Bug 15692 - Oopses in conjunction with wireless, ath9k
Summary: Oopses in conjunction with wireless, ath9k
Status: CLOSED CODE_FIX
Alias: None
Product: Drivers
Classification: Unclassified
Component: network-wireless (show other bugs)
Hardware: All Linux
: P1 low
Assignee: Luis Chamberlain
URL:
Keywords:
Depends on:
Blocks:
 
Reported: 2010-04-04 18:43 UTC by Sebastian Kemper
Modified: 2010-05-28 17:47 UTC (History)
6 users (show)

See Also:
Kernel Version: 2.6.32.11, 2.6.33.2
Subsystem:
Regression: Yes
Bisected commit-id:


Attachments
Kernel configuration (44.26 KB, text/plain)
2010-04-04 18:47 UTC, Sebastian Kemper
Details
dmesg from April 3rd (25.85 KB, text/plain)
2010-04-04 18:52 UTC, Sebastian Kemper
Details
dmesg from April 4th (30.06 KB, text/plain)
2010-04-04 18:54 UTC, Sebastian Kemper
Details

Description Sebastian Kemper 2010-04-04 18:43:56 UTC
Hello,

I'm seeing what I think are oopses in my syslog.

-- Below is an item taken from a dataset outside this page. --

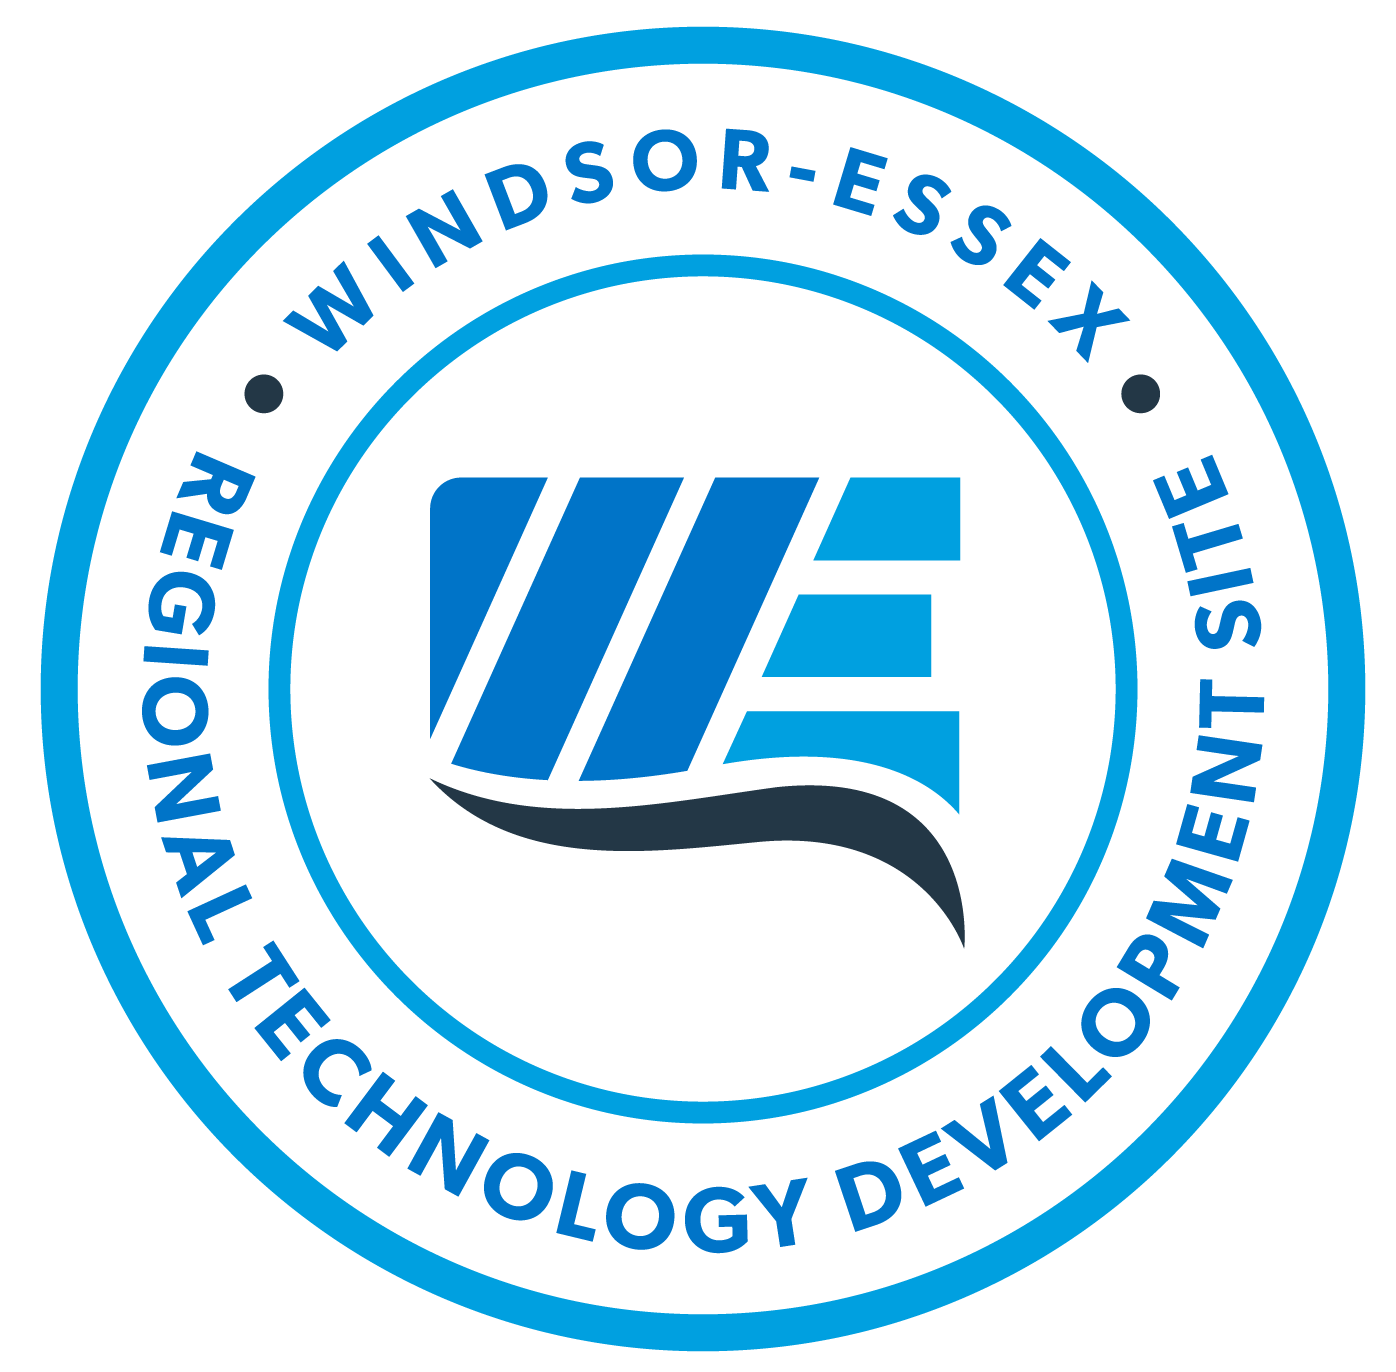 Windsor-Essex Regional Technology Development logo

They appear since I update the kernel from 2.6.32.10 to .11 (that's my best guess anyway, never witnessed any of them with .10).

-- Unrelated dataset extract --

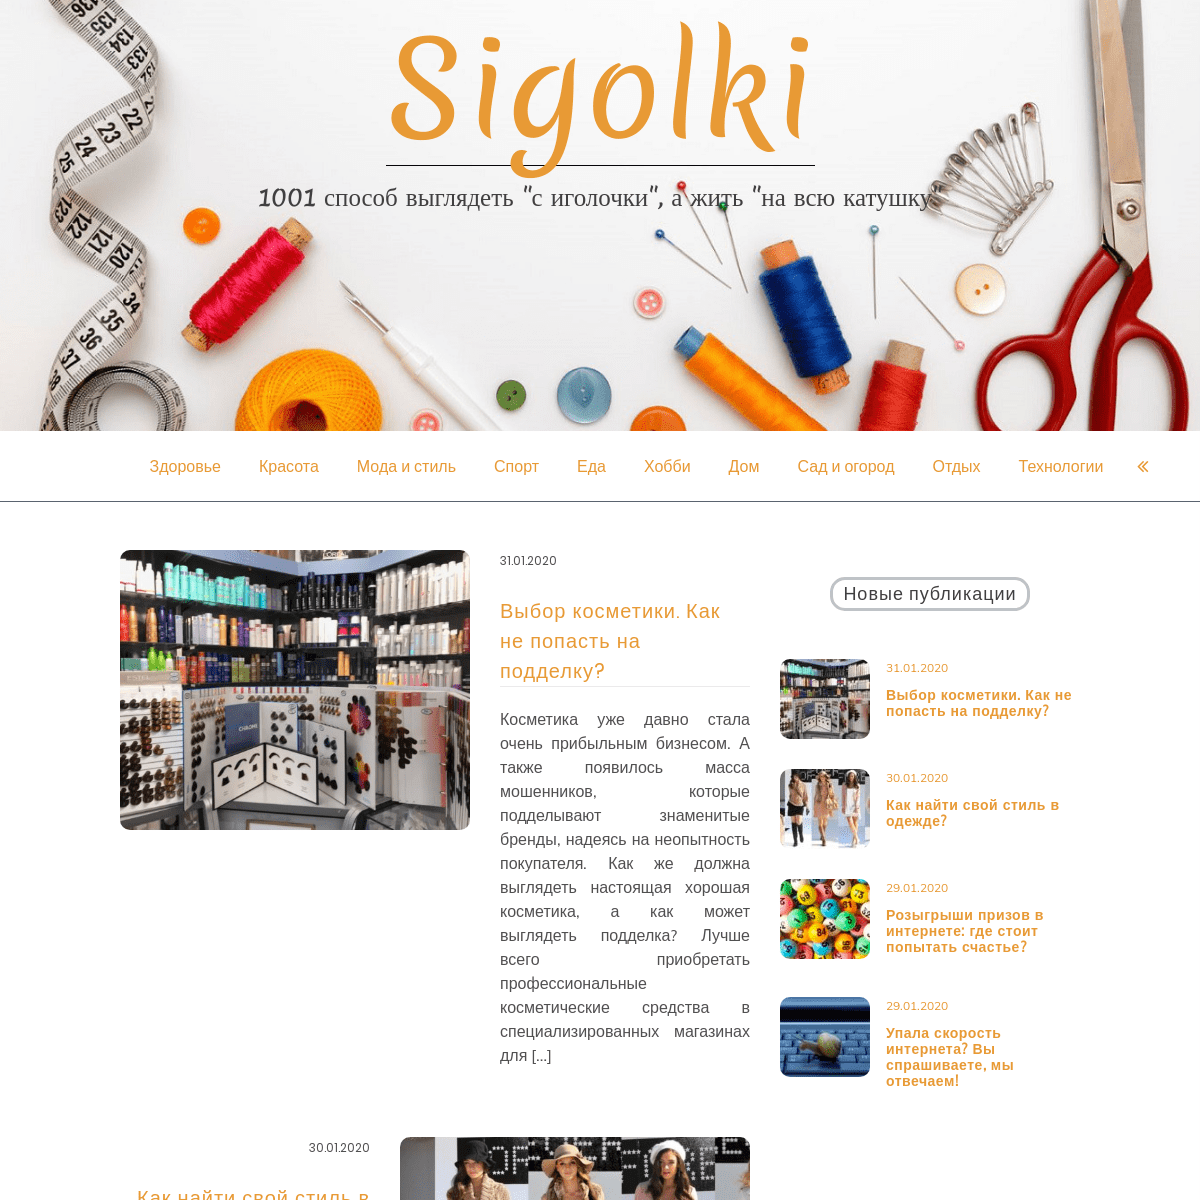 A complete backup of sigolki.com

I don't know if they're worth looking at. For one in the beginning it always shows "WARNING" (so not really an error I guess) and I can't really say that anything doesn't work after the oops occurs. I have the feeling that my wifi connections is lacking the stability I experienced during the rule of the previous minor stable version, but it's really mere subjective.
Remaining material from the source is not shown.